I obtained a Jun SCOBY from Cierra’s lineage and brewed for a while. It’s truly a clean and lovely drink. But compared to kombucha, it’s quite “sensitive,” and because of its taste for local, raw honey, it’s also more expensive to make. I’ve found that the rhythm that Jun prefers doesn’t fit well into my weekly projects schedule, so I’ve left the brewing to folk who can really give Jun the care and attention it needs to thrive.
Since I haven’t perpetuated the Jun SCOBY, and they’re tricky to track down (at least in my part of the world), I was thrilled to find out that Unity Jun will ship a “SCOBY Love Package” anywhere in the world, including a detailed recipe book and care instructions, the same organic green tea that Cierra uses, a healthy Jun SCOBY, and even a 1-gallon jar to get started.
A Complex Culture
Jun showed up in Cierra’s life when her new housemate came up from California with some of the elixir and an inspired idea to start a Jun company. The concept of a kombucha-like drink that used honey instead of sugar thrilled Cierra, as she has a self-described obsession with bees. She was on board immediately, and the friendship and business partnership was formed.
Cierra describes the taste of Jun as sweeter, lighter, and more delicate than kombucha. In fact, it’s sometimes called “the champagne of kombuchas.” Cierra surmises that because honey is a more complex sugar than cane sugar, Jun has a more diverse flavor profile because of more diverse bacterial activity in the fermentation.
The Jun SCOBY looks physically less firm and more gloopy than the kombucha SCOBY. By maintaining any microbial culture, you get to know the character of that particular strain. Its quirks and preferences are reflected in how vigorously fermentation happens and, in the case of SCOBYs, how strong the culture itself looks. When I asked Cierra about the personality of the Jun SCOBY, she described it as “a higher-maintenance companion” than the kombucha SCOBY.
She has noticed that Jun is more sensitive to energetic vibration, temperature, and physical location. It doesn’t like being moved once it finds a comfortable brewing zone, and prefers cool temperatures. Cierra notes that Jun can also be thrown off by mediocre ingredients and prefers high-quality inputs. By this, she means that Jun is a real tea connoisseur. Always use organic, whole-leaf green tea.

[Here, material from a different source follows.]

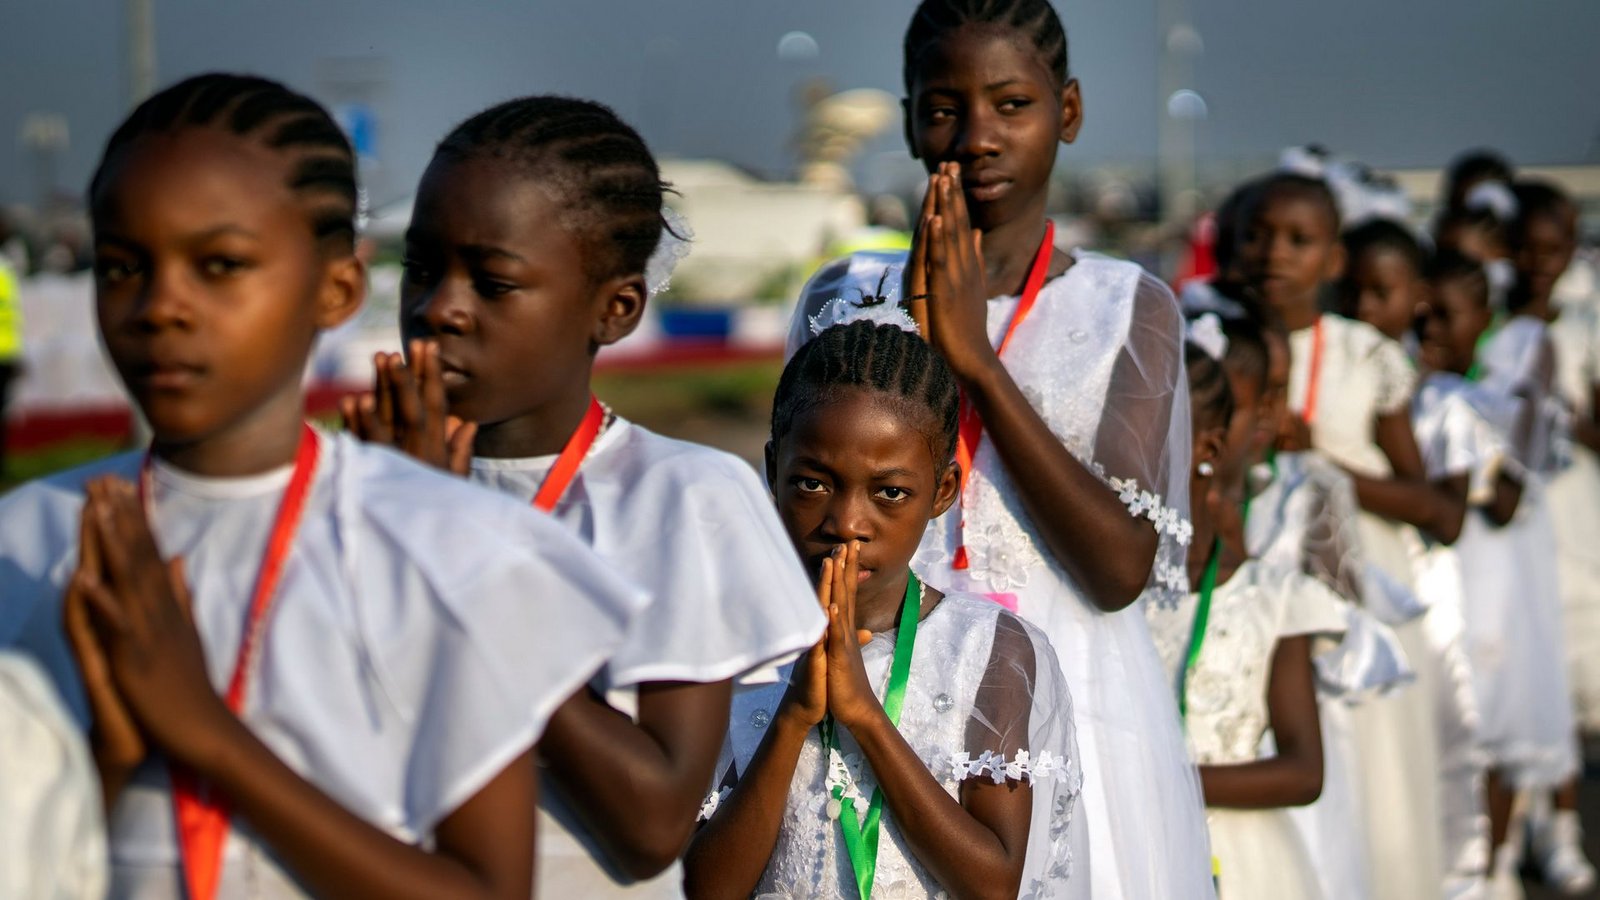 Gläubige versammeln sich am Flughafen Ndolo für eine Heilige Messe.Foto: Jerome Delay/AP/dpa

The honey she uses is raw and preferably local. She’d never heat the honey (as I’ve seen in some recipes), preferring to brew the tea first and add the honey once the tea is cooled, so that it keeps its own health-enhancing qualities and has more to offer the SCOBY in terms of nutrients.
Courtesy of Unity Jun.
Unity Jun also uses some very special water. If you come into contact with someone from Unity Jun, I encourage you to ask them about the story of the sacred water. In the Jun lab, they use water that has undergone reverse osmosis (always use purified water for Jun), and they add a drop of water that has been collected from all parts of the globe, been blessed in ceremony under a full moon, and much more. (“Some real hippy stuff,” Cierra notes.) Cierra’s brewing process is designed to honor the mystical reputation of Jun tea.
Unity Jun also infuses nutritional and medicinal herbs into its various drinks. Cierra’s favorite is also mine: The Om Eye Goddess flavor, which uses lavender, tulsi (holy basil), and rose in addition to the green tea. Not only is it divinely tasty, Cierra notes that it’s fun to make because when you add the rose petals, it turns pink almost immediately.
Diligence in Details
There are a few key differences in caring for and brewing kombucha and Jun.
For one thing, Jun prefers a cool brewing temperature. If you have a cool space in your home, try brewing there. If not, your Jun might just take less time to brew than indicated. You’ll know it was too warm or left for too long a fermentation if your Jun is very sour.
Kombucha is pretty forgiving when it comes to adding different flavors in the primary fermentation, such as flavored teas, alternative herbs, etc. Jun requires a stricter diet of just green tea. You can still make flavored Jun, but do this in the secondary fermentation so that the SCOBY is not affected.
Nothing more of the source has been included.